▶ **DATASET EXTRACT**:
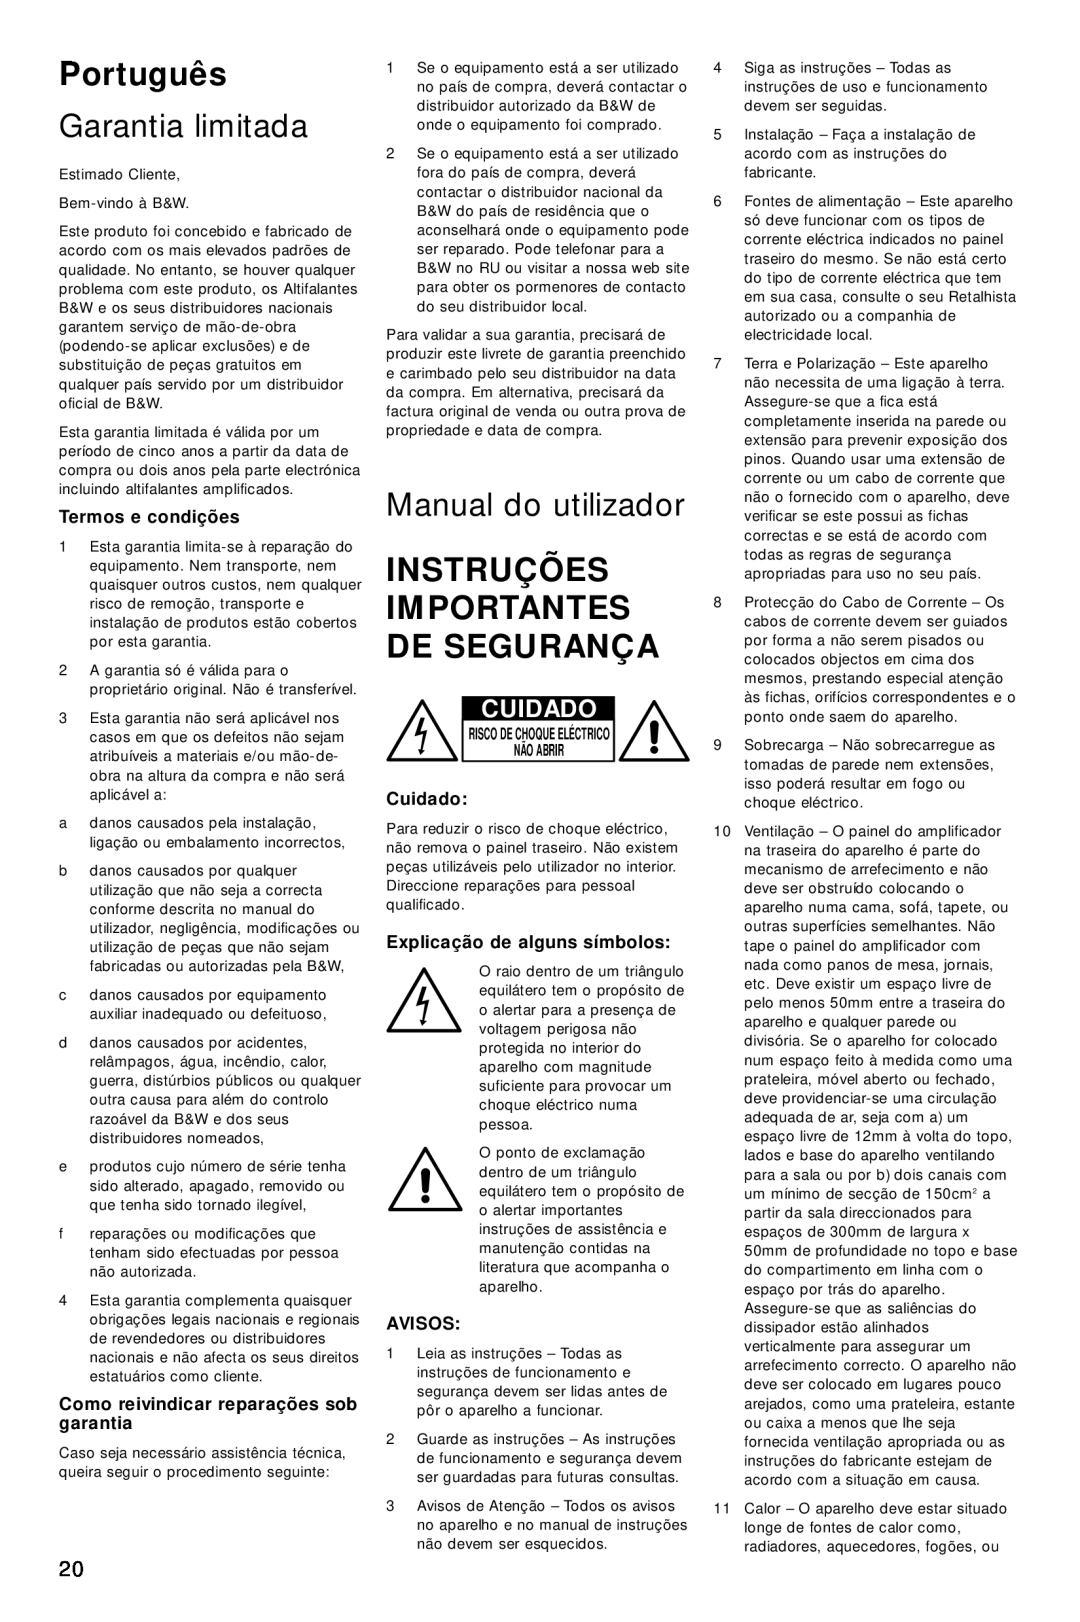 Bowers & Wilkins ASW800 Português, Garantia limitada, Manual do utilizador, Instruções Importantes De Segurança, Cuidado 
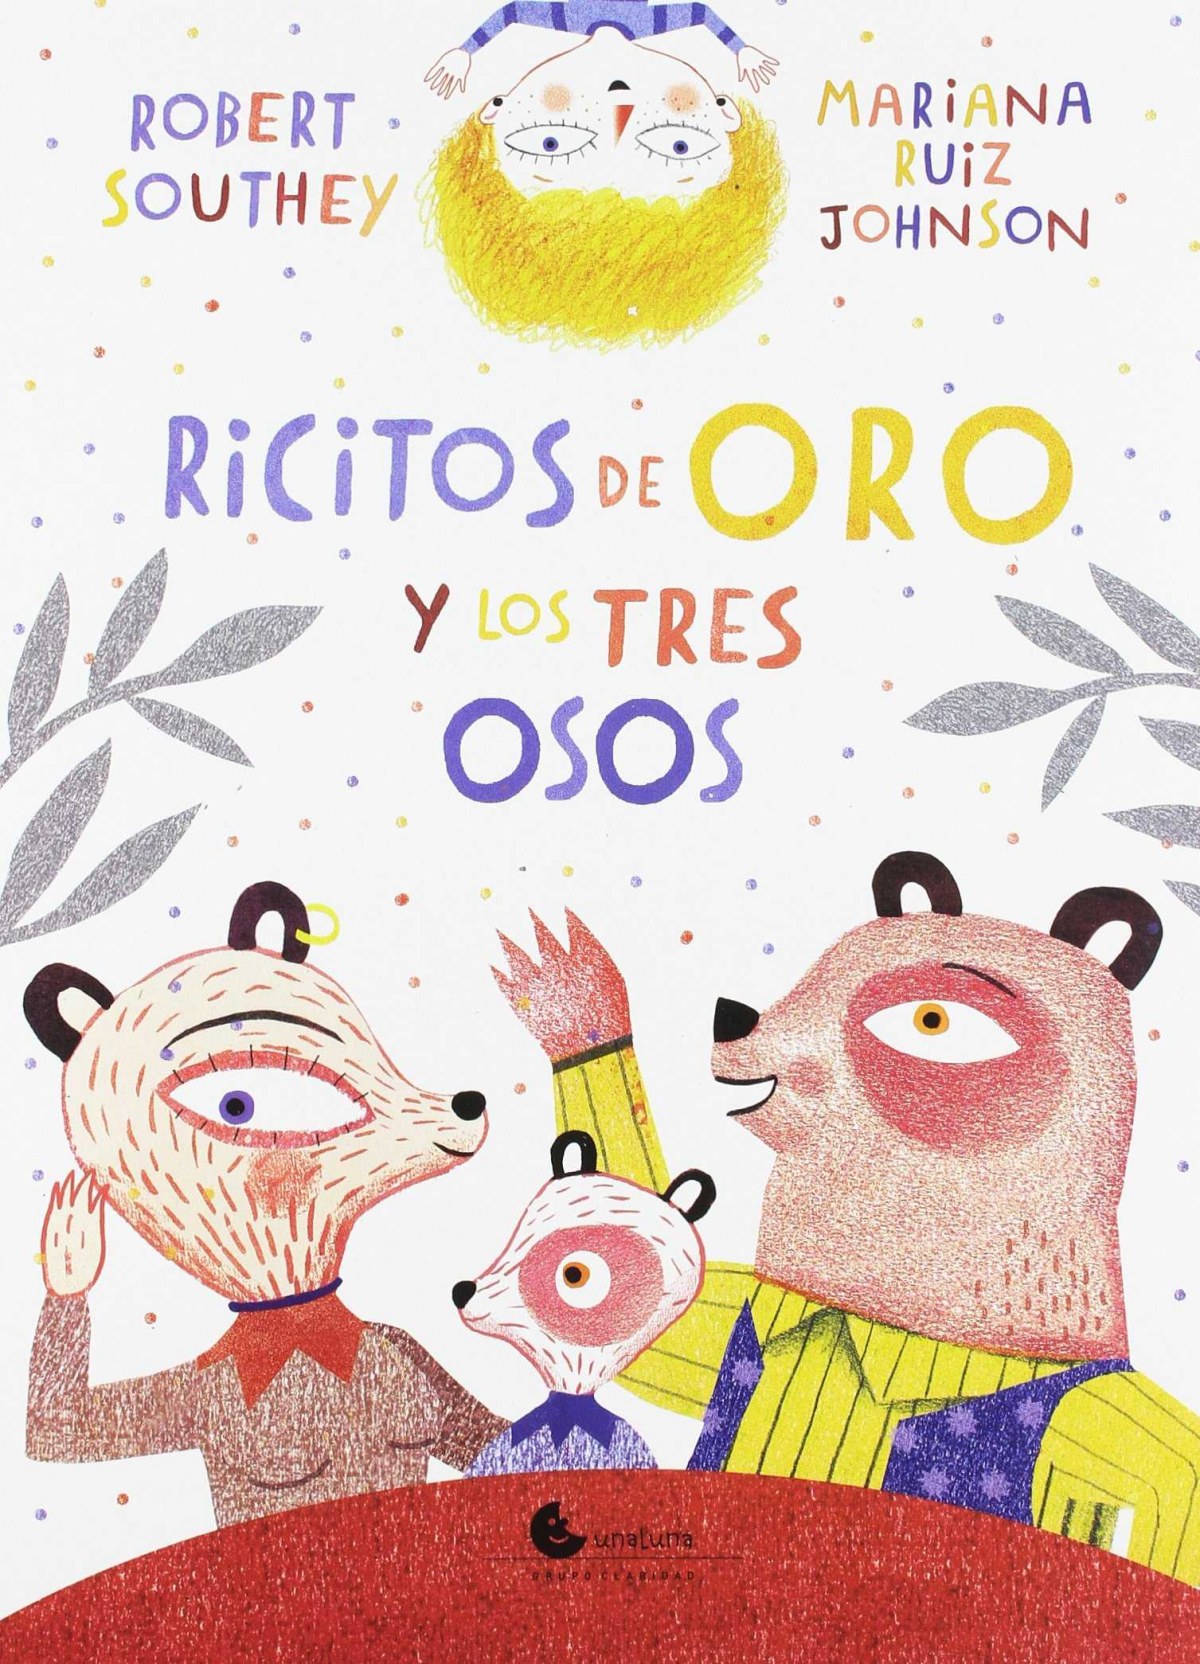 Ricitos de oro y los tres osos - Ruiz Johnson, Mariana
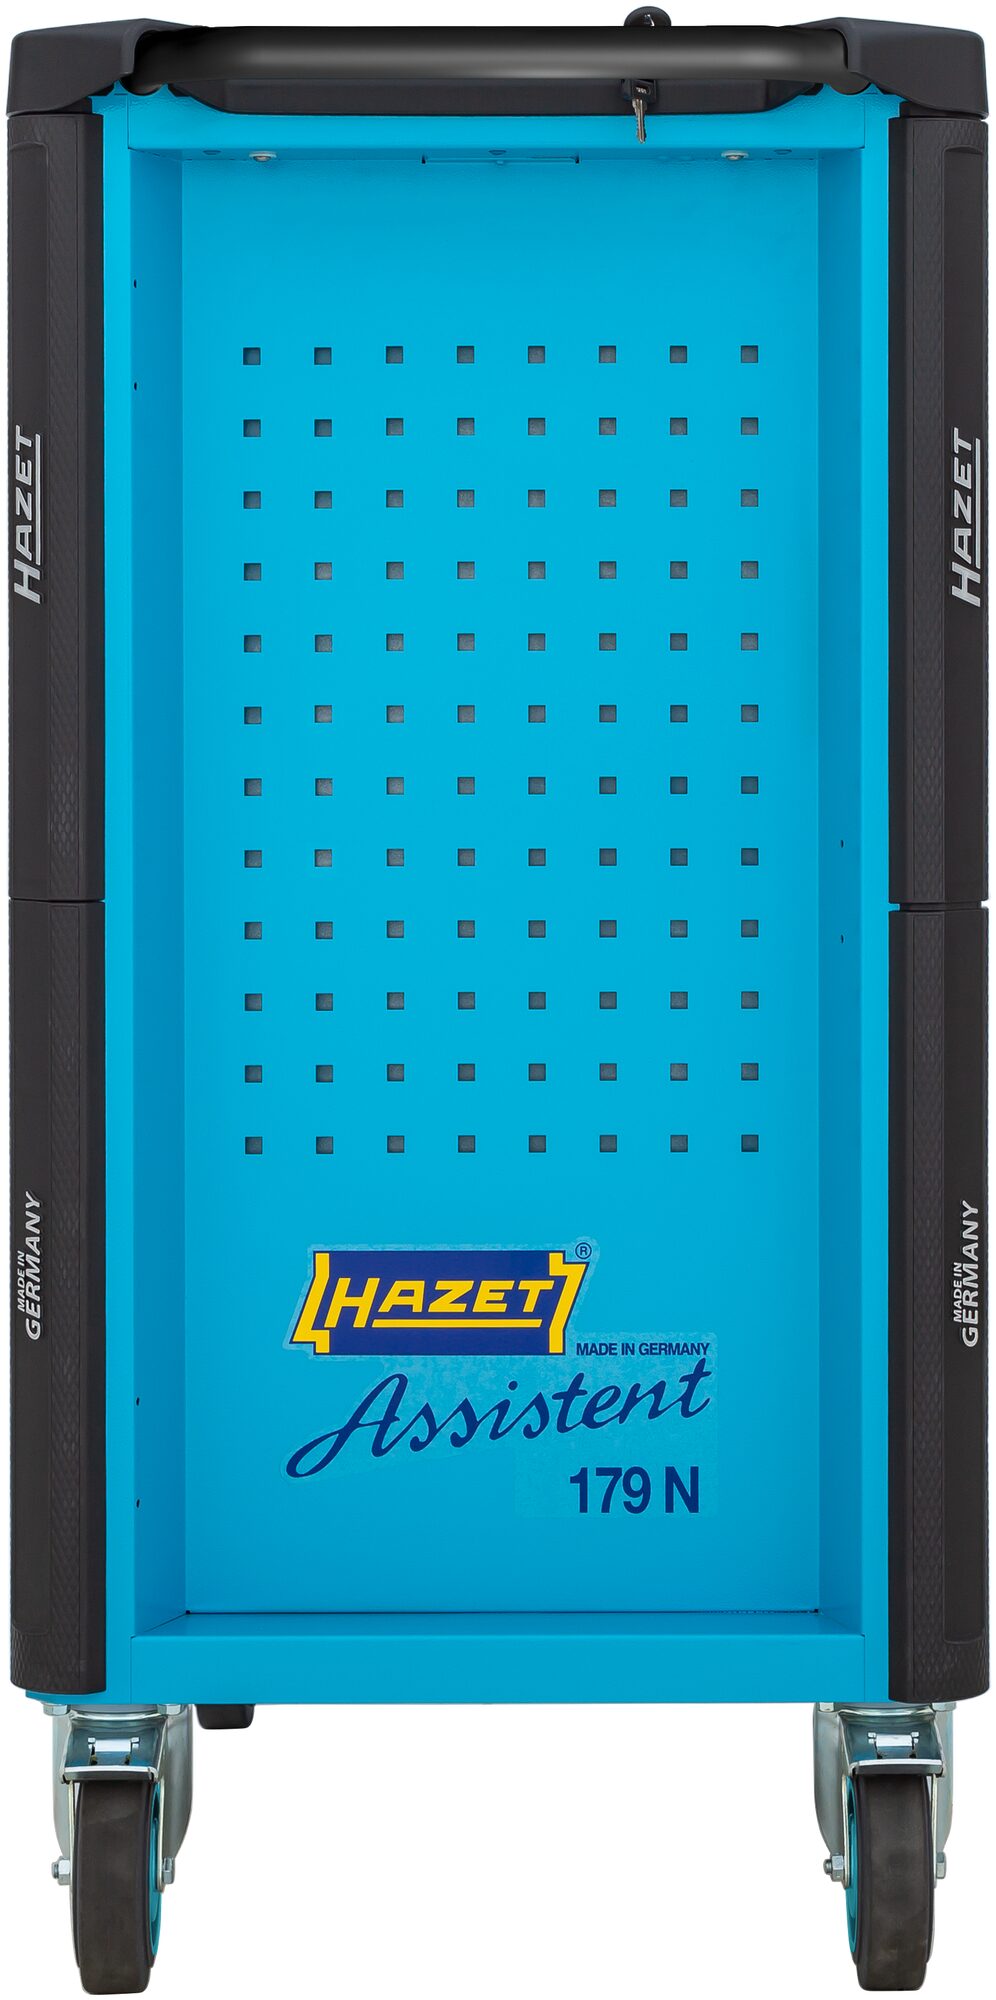 HAZET Werkstattwagen Assistent 179N-8-2700/296 · Werkzeuge: 296

▶ **TASK STATEMENT**:
Skip the images and write out the rest of the listing exactly.

▶ **ANSWER TO THIS EXERCISE**:
 Bowers & Wilkins ASW800 Português, Garantia limitada, Manual do utilizador, Instruções Importantes De Segurança, Cuidado 
 Ricitos de oro y los tres osos - Ruiz Johnson, Mariana
 HAZET Werkstattwagen Assistent 179N-8-2700/296 · Werkzeuge: 296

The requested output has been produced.